Guam’s Track & Field Association (GTFA) lined up nearly 20 members along the front of the Guam National Olympic Committees (GNOC) office in Maite to protest their current suspension from competing in national events like the South Pacific Games, Micronesian Games, and East Asian Games.

The parameters of the protest was to resolve a communication issue that the GTFA and GNOC have been having as GTFA’s Napu Castro explained, “We just want our board members to sit down with their board members for a meeting on the record to resolve this issue.”

GNOC had apparently suspended the GTFA in 2013 for allowing an “ineligible athlete who was not born on Guam and not residing in Guam to compete on behalf of Guam at the 2013 International Association of Athletic Federations World Championships,” as stated in a GNOC press release on the matter.

(photo by Robert Balajadia)

(photo by Robert Balajadia)

Castro used to represent the GTFA as part of the Athletes Commission Board, but was kicked out early this year after their supposed suspension in 2013. Although, the GNOC press release sent out today, December 11, 2014, officially states that the GTFA’s suspension, which confuses Castro as to why GNOC is only suspending the GTFA now.

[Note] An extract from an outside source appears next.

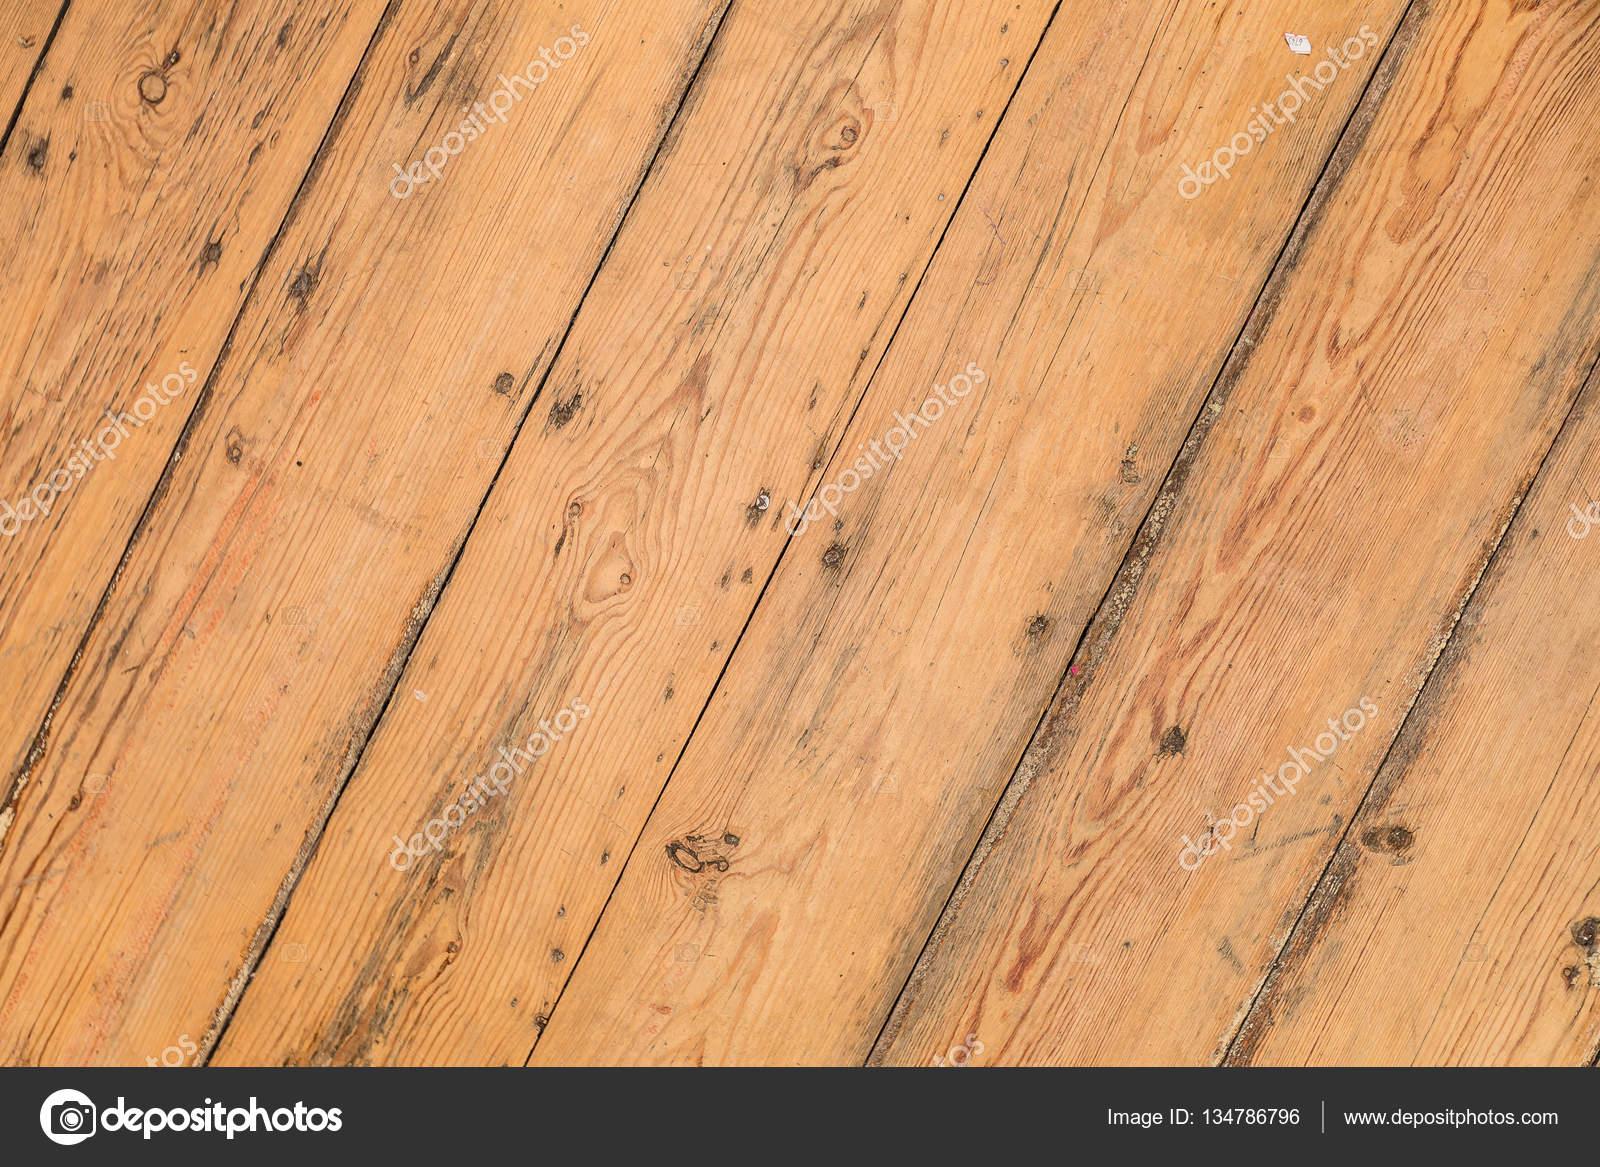 Texture du bois, une planche en bois naturelle avec des feuilles et de la sciure de bois ...

“Why kick out an athlete from the board since the beginning of this year when their only giving us a letter of suspension now. If they’re claiming in the press release that they’ve had open communications with us, then why kick me out of that meeting? They kicked me out, they kicked our board out and they never communicated with us again. If the discussion is open, they should’ve kept me in there to work something out,” said Castro.

Issues Across The Board

Castro explained that GNOC told the GTFA to kick out their board members and elect new ones. The GTFA was hoping to work out the issues with their current board members, but the GNOC did not oblige.

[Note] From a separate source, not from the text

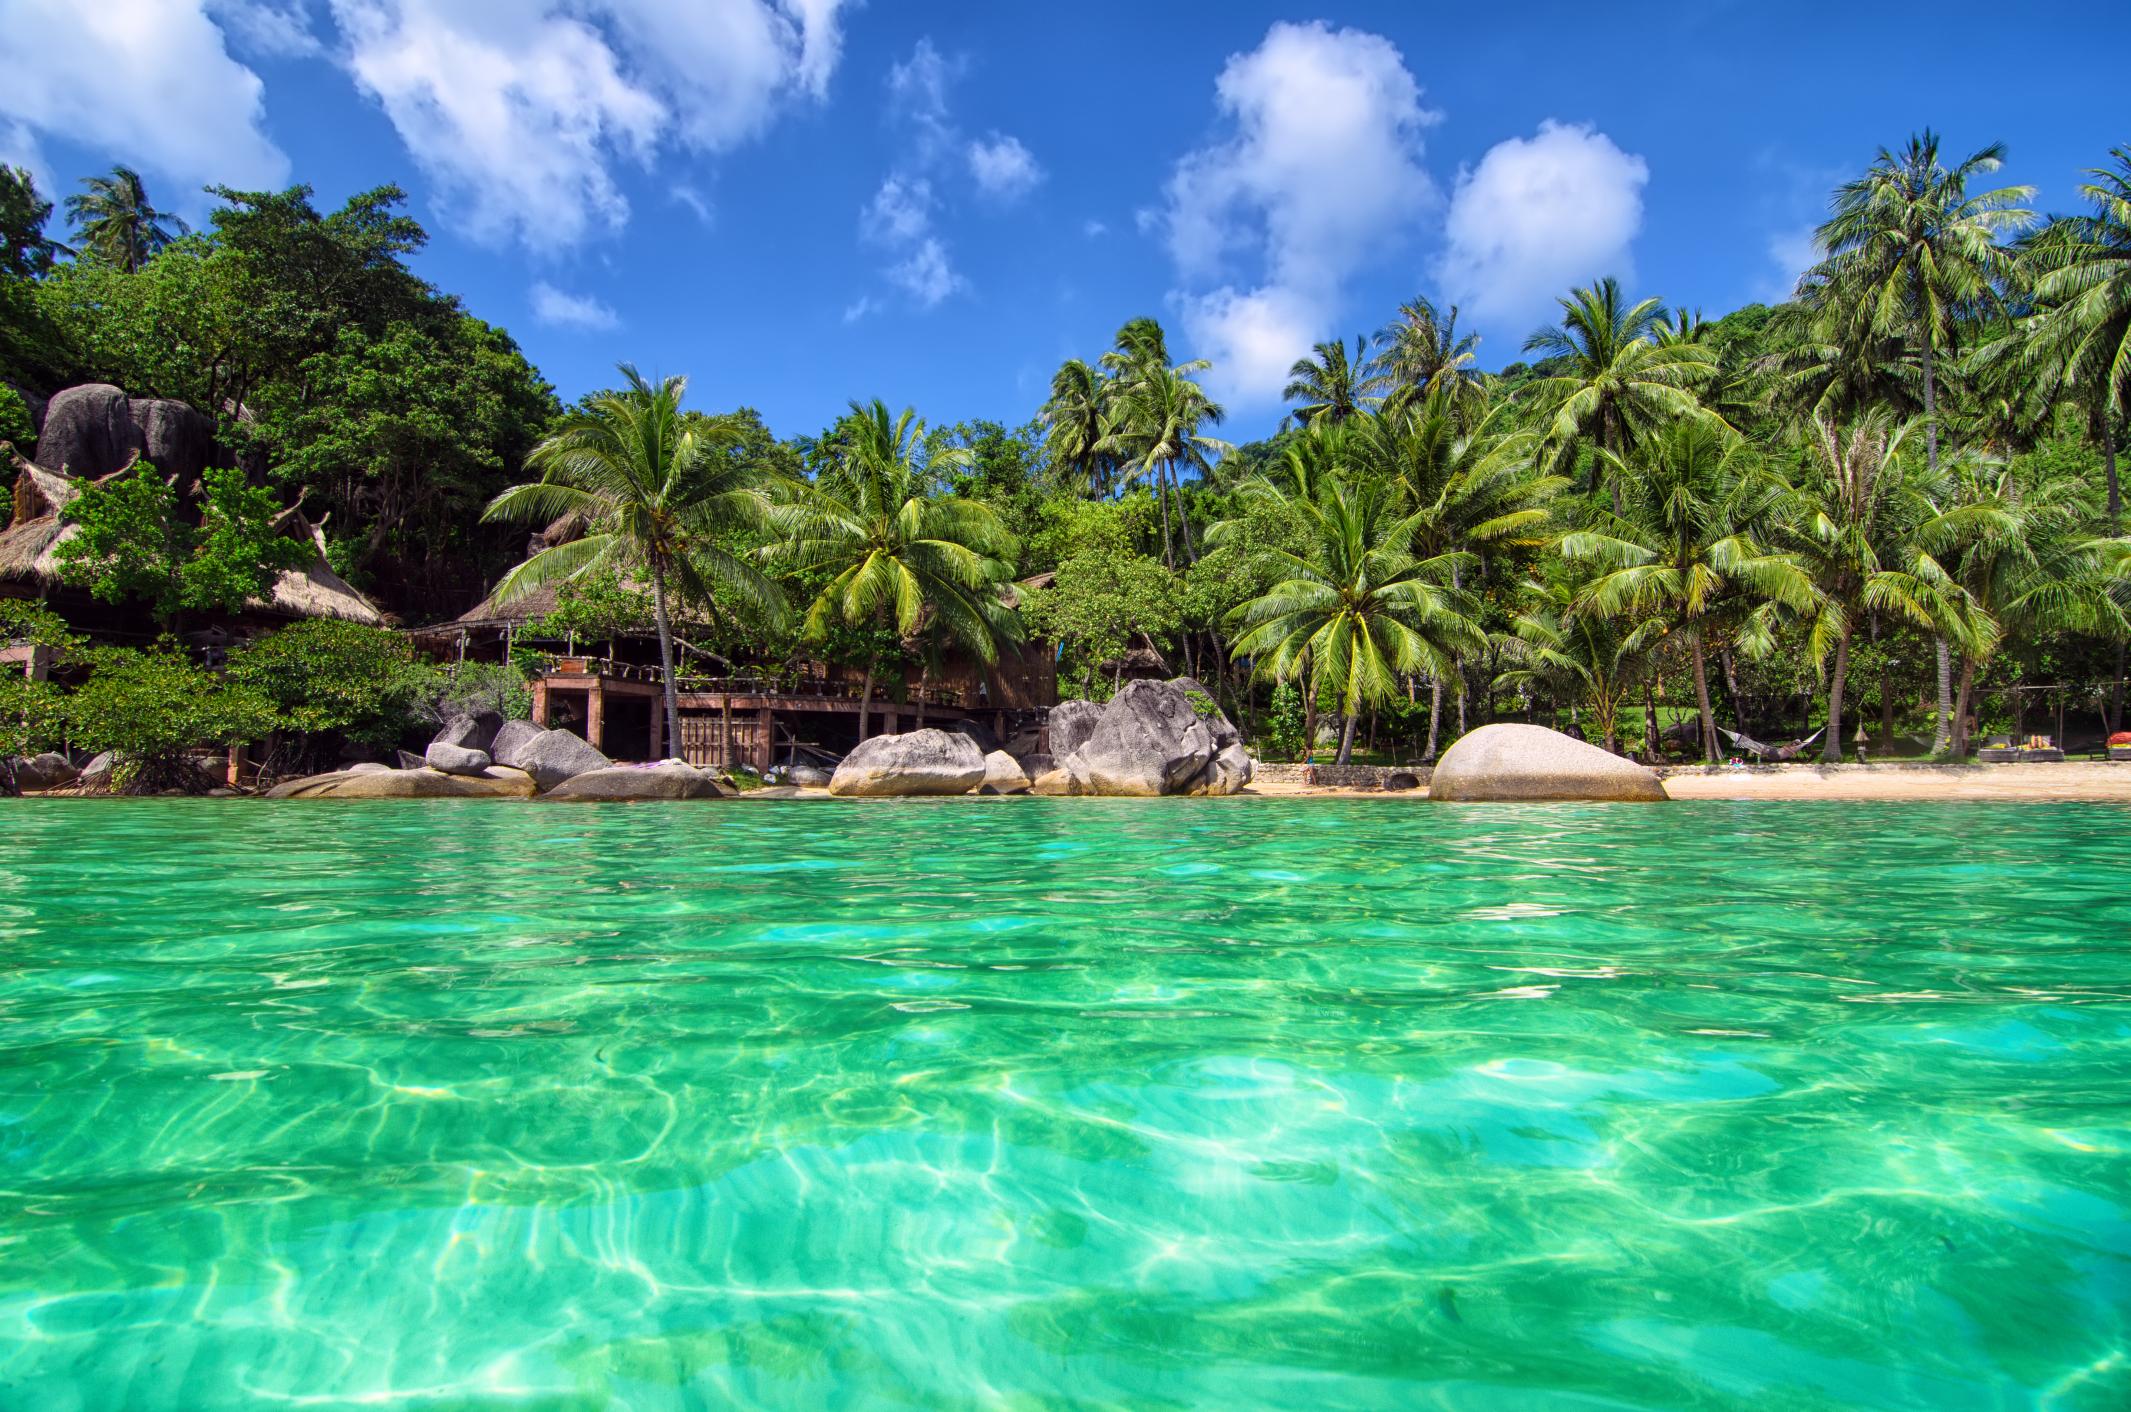 태국에서 꼭 가봐야 할 아름다운 섬 Top 8 - 스카이스캐너-항공권, 호텔, 렌터카 최저가 비교예약

“Why is that the first topic, kick out your board members? Rather than open the discussion, we were told to kick out our board. There should be some sort of recommendations or dialogue between us, and if it comes to that point then yeah, but don’t start out off the conversation with ‘kick out your board,” added Castro.

Ric Blas Jr. had come to protesters and had a conversation with Castro on what the big issue was. Nearly 30 minutes into the protest, Blas Jr. handed the Castro the information he had coveted. On paper, GNOC highlighted the event at which the ineligible player competed in and, according to Castro, none of it matched up with the former allegations.

The highlighted event was from 2012, an event in Istanbul, Turkey on March 14 at the IAAF Indoor Championships.


(photo by Robert Balajadia)

“We didn’t even send that athlete to this event!” said Castro upon reading the handout. “They’re saying that this is the one we sanctioned it as an Olympic Qualifier, meaning that the athlete that we sent doesn’t have to have that residency requirement of five years consecutively. Something as easily resolvable as this could have been discussed at any kind of meeting and this is what they’re going to use to suspend us?!”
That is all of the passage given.